Stephen M. Young On Taiwan: A 21st Century Office Building for a 21st Century Relationship

News reports indicate the American Institute in Taiwan (AIT) will formally inaugurate its New Office Building (NOB) on June 12. As the unofficial “godfather” of this project, I want to share some personal reflections on the long and winding road this project has taken over the past two decades.

I worked as a junior officer in AIT from 1981-82, in the then already decrepit building on Hsin Yi Road. Built in the 1950s for the MAAG (Military Army Advisory Group), it was hastily converted into the offices of AIT in early 1979, following evacuation of the US Embassy in Taipei after the break in diplomatic relations in December 1978. The embassy staff, headed by former Deputy Chief of Mission Bill Brown, initially met in his residence on Yangmingshan, while determining next steps. As US military officials were departing the island, the decision was made to convert the space into the new unofficial mission’s headquarters.

When I first worked on Hsin Yi Road there were roughly 55 American employees, and the place already felt crowded. When I returned in the late 1990s to serve as AIT’s Deputy Director, we had 100 Americans and perhaps 300-plus local employees. The building, despite some window dressing, was run down and overcrowded. Our Commercial and Public Affairs Sections, as well as the Agricultural Section — enjoying their own home office funding — had found separate accommodations in other locations around Taipei. Yet the building was still too small for our purposes.

My boss, then Director Darryl Johnson, early on assigned me the task of scouting out a new site for our AIT building. The old one was too small, in disrepair, and the land it was located on was in high demand from several Taiwan Government entities who advanced longstanding claims to the site.

I worked with friends in Ministry of Foreign Affairs, the President’s Office, the Premier’s Office and the Taipei Mayor’s Office. We looked at the old TAS site in Tien Mu, but it was too small and was flood-prone. I visited potential sites in the Taipei suburbs, but they didn’t fit the bill: either too small, too expensive or too far from the city center, where most of our clients lived. Eventually, I was told there was an old driving school in suburban Neihu that might be available.

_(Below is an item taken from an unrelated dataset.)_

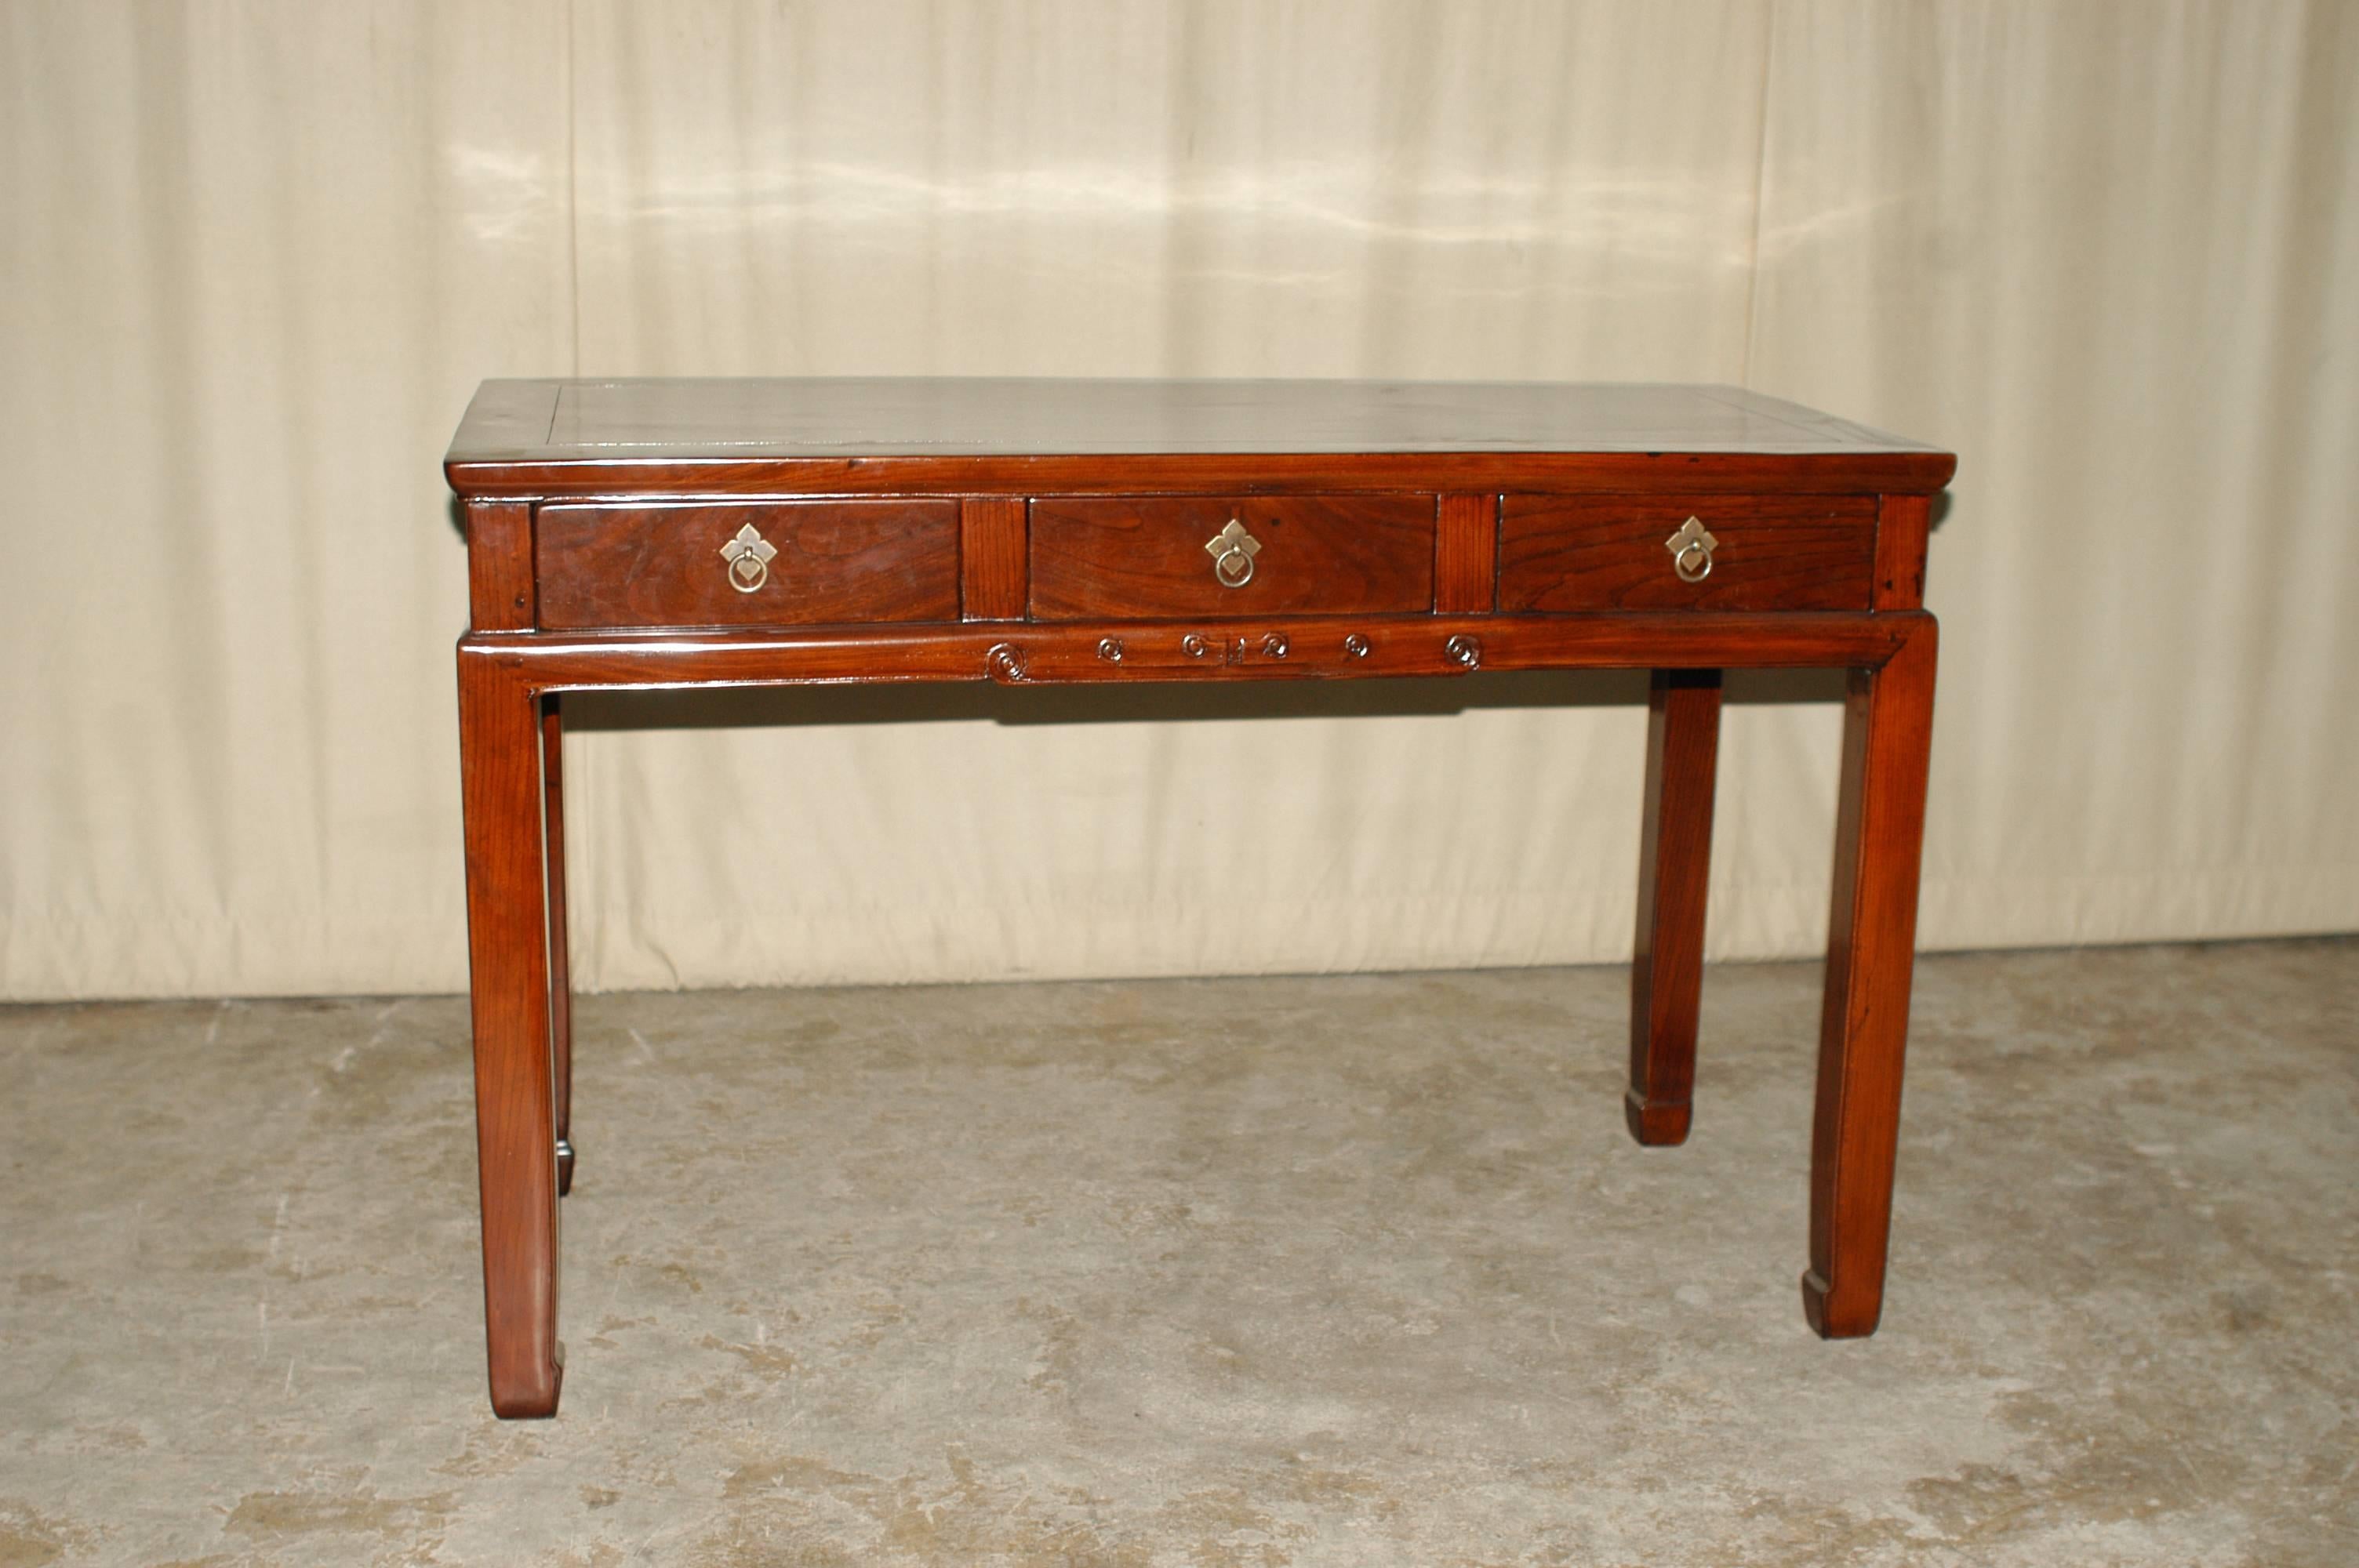 Fine Jumu table or desk with three drawers, brass ring pulls, beautiful form and lines.  We carry fine quality furniture with elegant finished and has been appeared many times in 
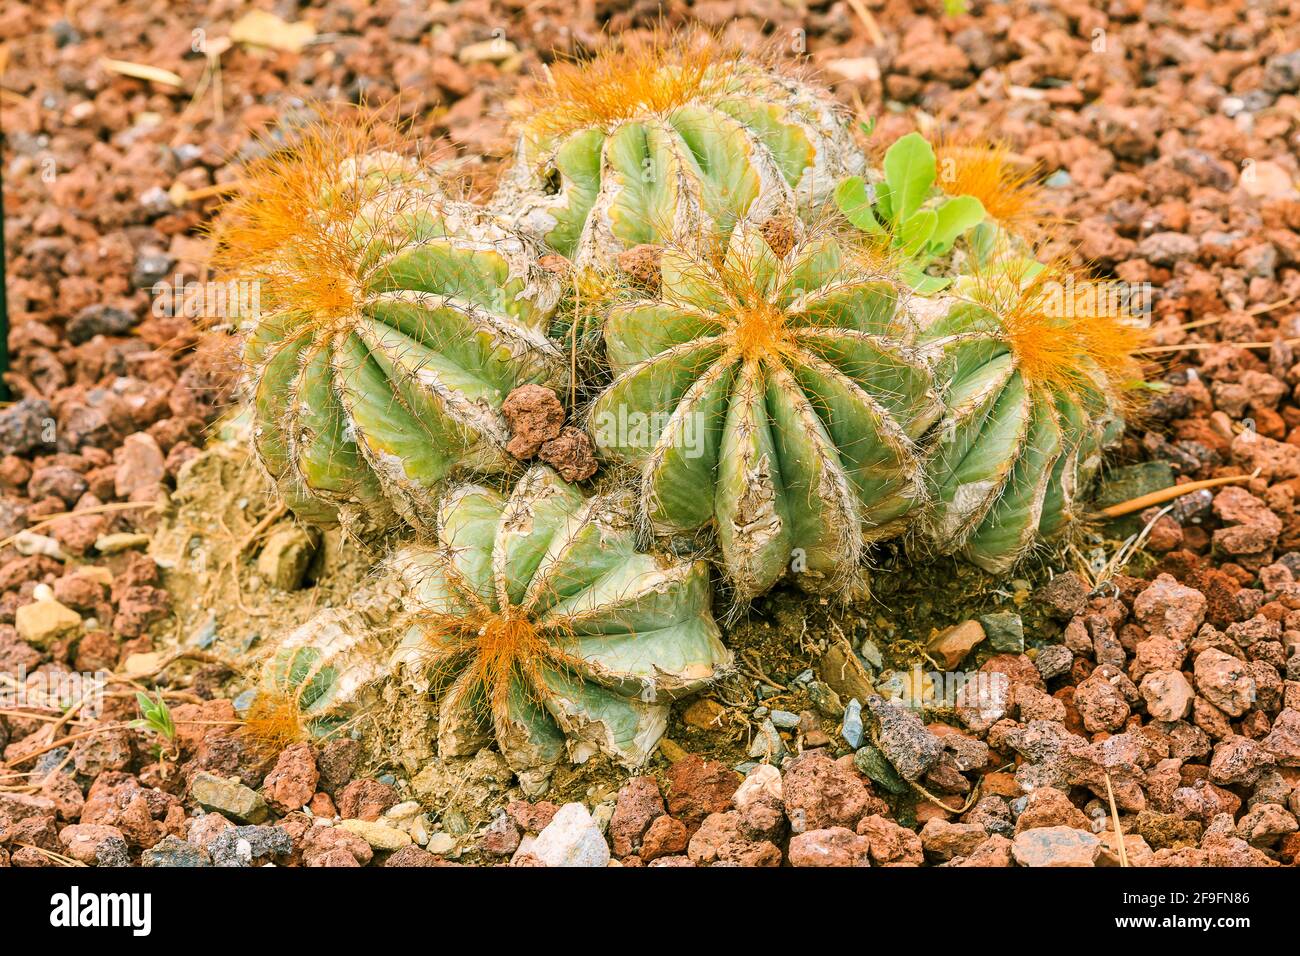 Cactus plant Parodia magnifica from Brazil in autumn with yellow spines. Planted in the botanical garden on stony ground Stock Photo

I went out to check it out personally. It seemed a bit far from town, and I was concerned about the impact on our loyal local employees in adjusting to a site so far from the Hsin Yi location they were so used to. I then learned that a new line of the Taipei Metro was planned running out to Neihu, which would ease the commute for both employees and visa applicants from the city. I also explored the possibility of expanding the site to place a new Director’s residence nearby. Finally, I wanted to make sure we had space for our advanced Chinese Language School, which would be relocating from its site up on bucolic Yangmingshan. All of this checked out, though I would have preferred that the language school — like the Marines — have a separate building from the main office on the five acre lot.

At the same time, I was working with senior administrative people in the State Department on financing the new project. Then Assistant Secretary for Administration Pat Kennedy told me this should be an easy project to fund, because some of the money for it could come from the visa fees collected by AIT. This was money gathering interest in a bank account because it could not be deposited in the US Treasury, given AIT’s peculiar status as a non-government entity.